┌──

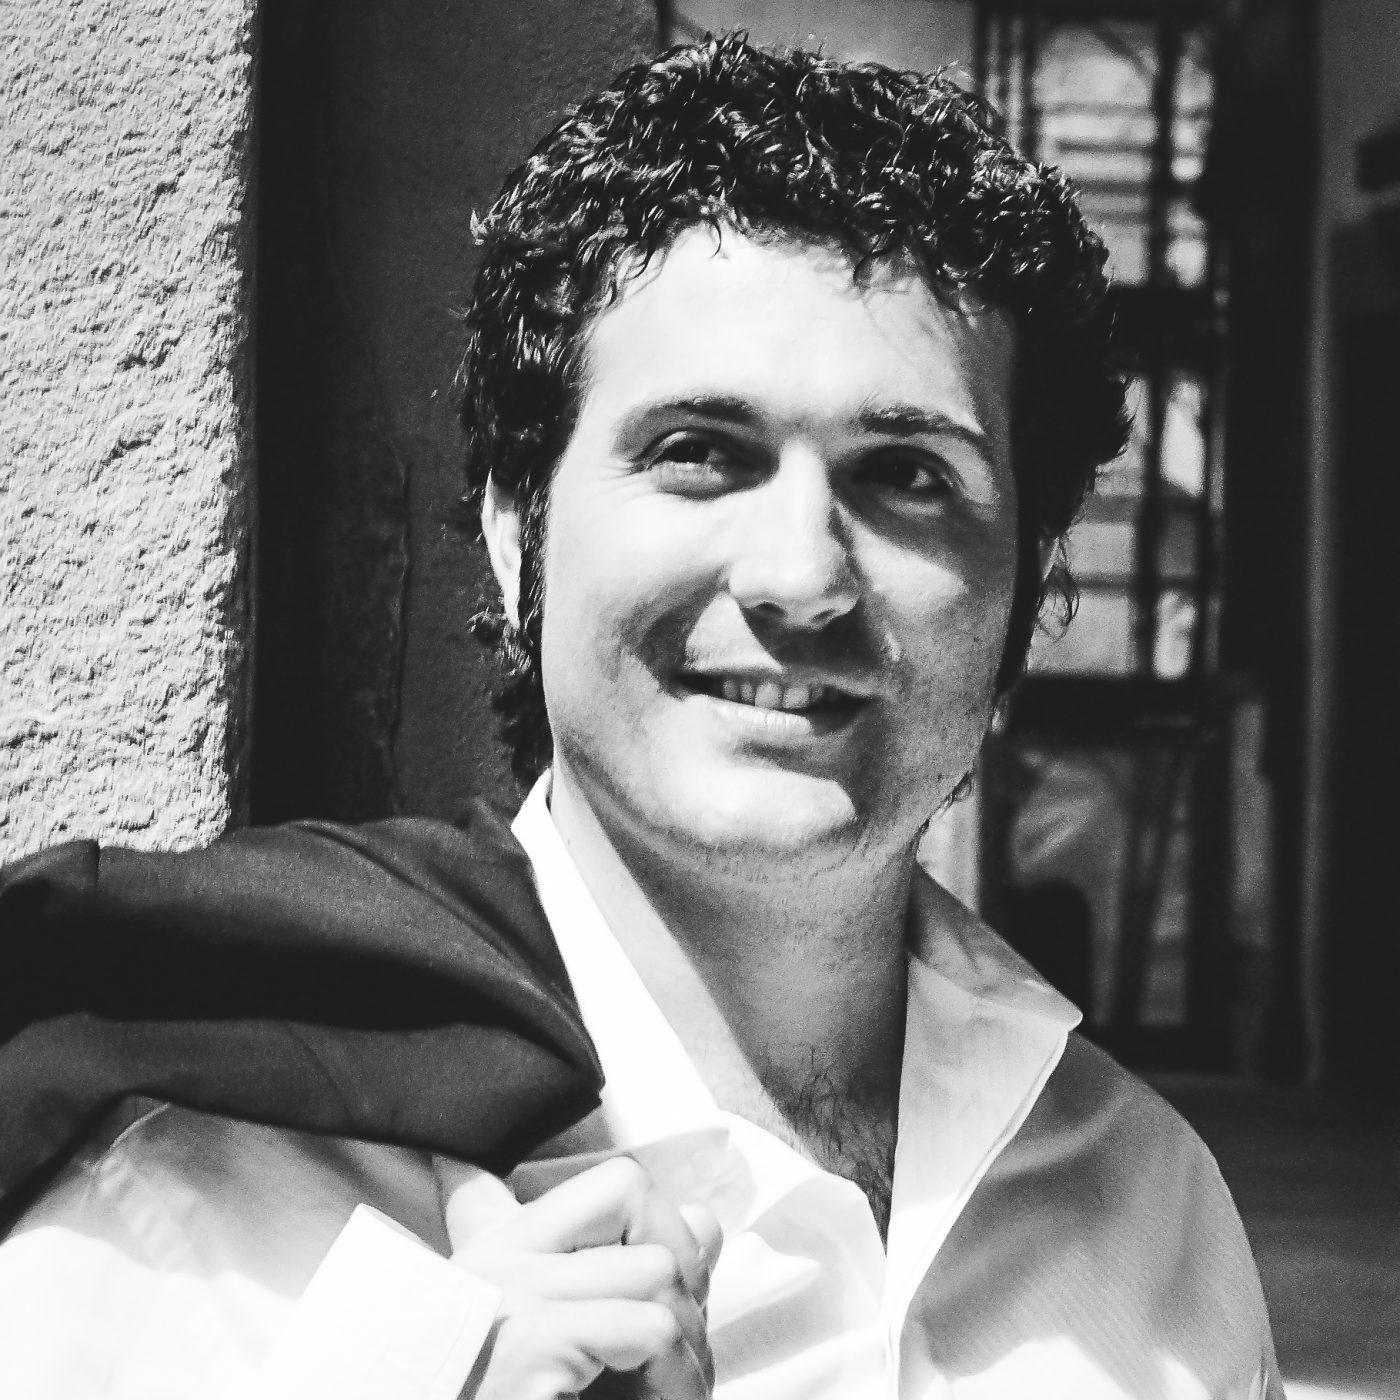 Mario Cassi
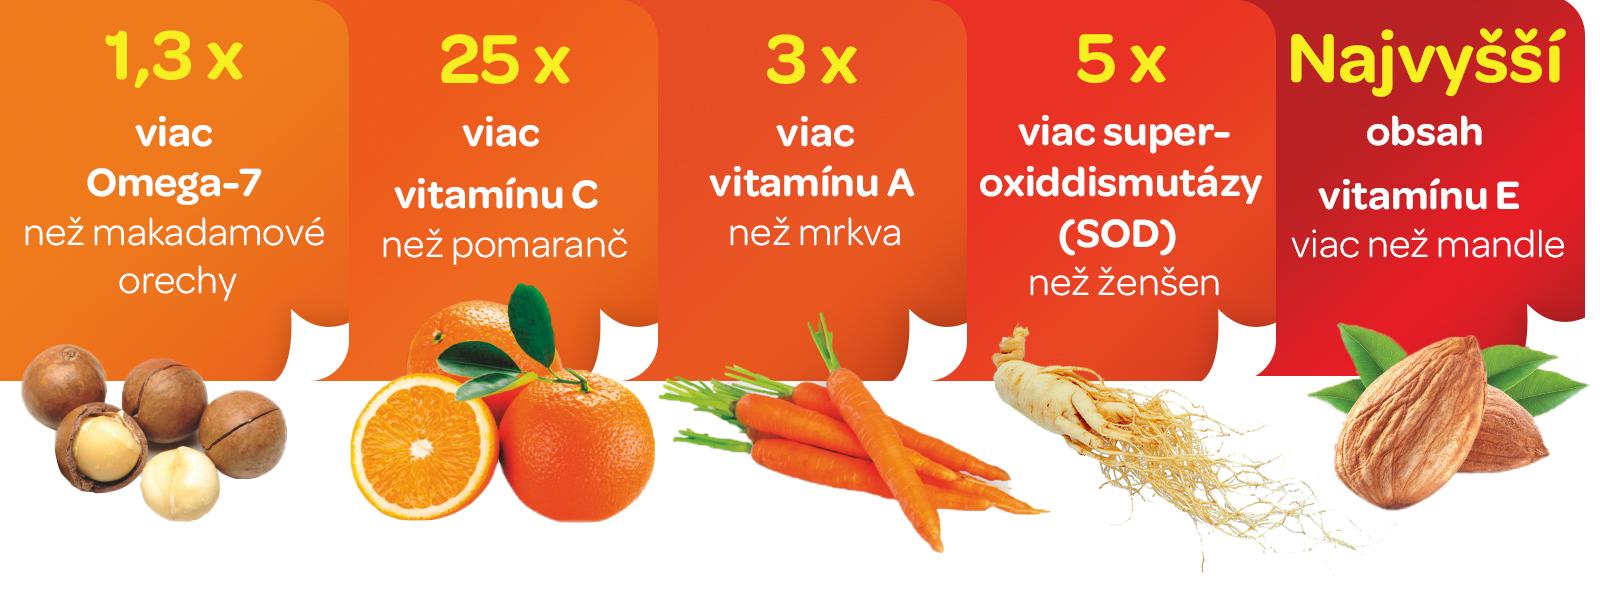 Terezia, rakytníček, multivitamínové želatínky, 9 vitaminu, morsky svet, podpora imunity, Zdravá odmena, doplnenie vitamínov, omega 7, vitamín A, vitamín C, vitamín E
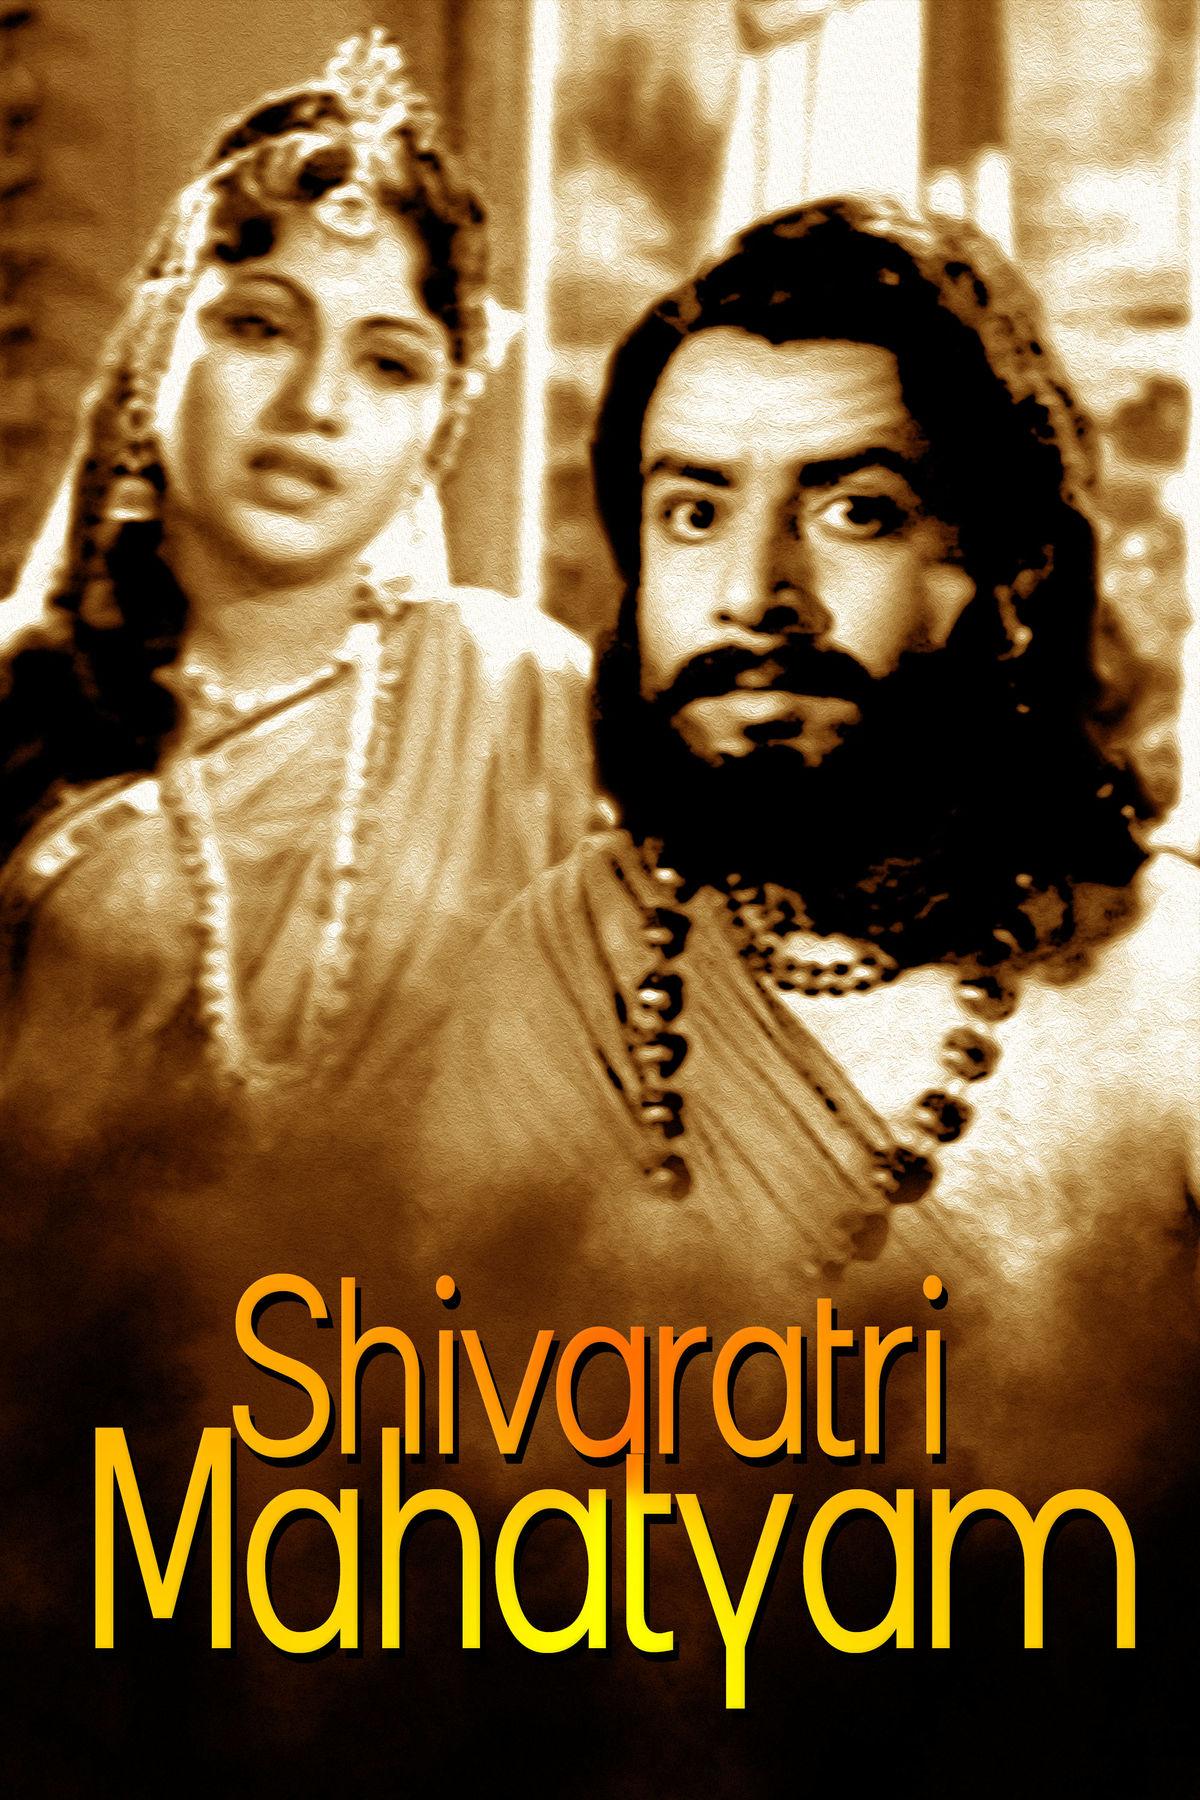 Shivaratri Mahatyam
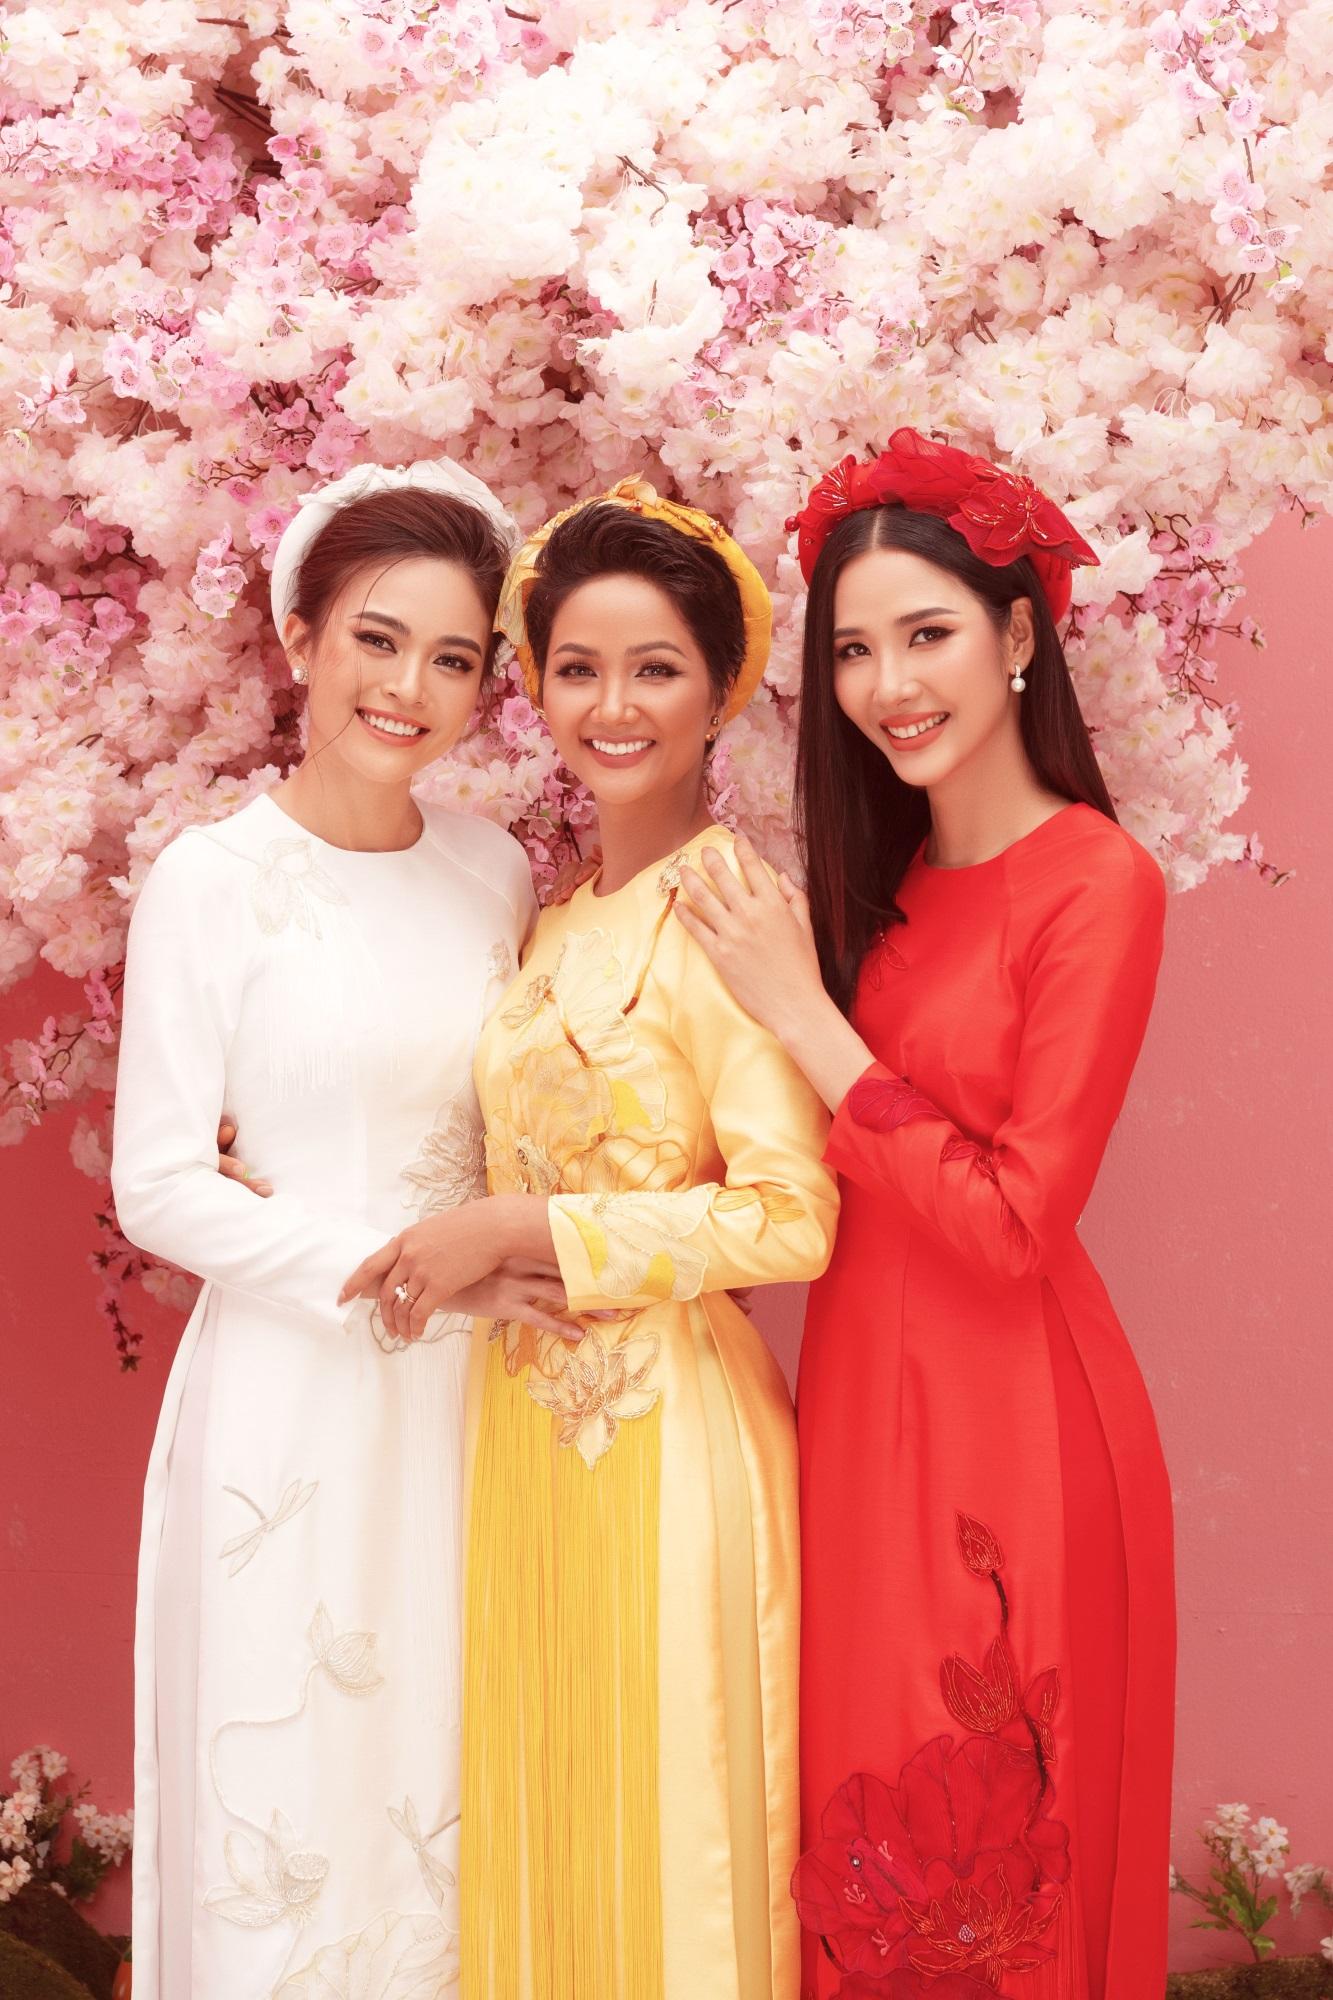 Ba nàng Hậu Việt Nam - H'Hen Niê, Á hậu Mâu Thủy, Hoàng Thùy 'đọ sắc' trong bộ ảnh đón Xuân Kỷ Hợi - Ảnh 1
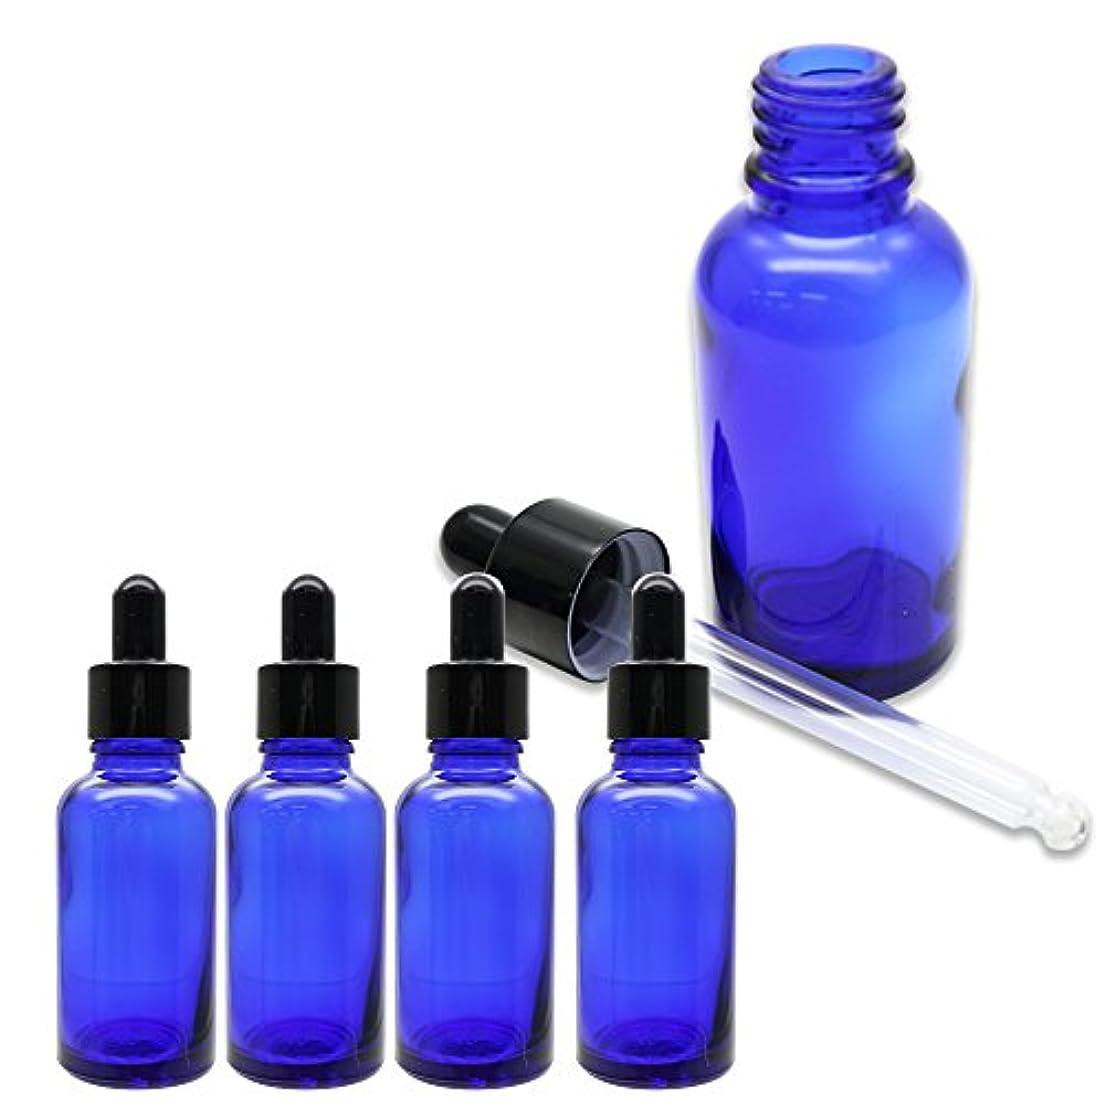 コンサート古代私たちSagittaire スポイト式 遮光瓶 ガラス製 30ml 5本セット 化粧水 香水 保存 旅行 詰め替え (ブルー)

└──

Would you return the data above exactly as written, minus the images?

Exercise result:
 Mario Cassi
 Terezia, rakytníček, multivitamínové želatínky, 9 vitaminu, morsky svet, podpora imunity, Zdravá odmena, doplnenie vitamínov, omega 7, vitamín A, vitamín C, vitamín E
 Shivaratri Mahatyam
 Ba nàng Hậu Việt Nam - H'Hen Niê, Á hậu Mâu Thủy, Hoàng Thùy 'đọ sắc' trong bộ ảnh đón Xuân Kỷ Hợi - Ảnh 1
 コンサート古代私たちSagittaire スポイト式 遮光瓶 ガラス製 30ml 5本セット 化粧水 香水 保存 旅行 詰め替え (ブルー)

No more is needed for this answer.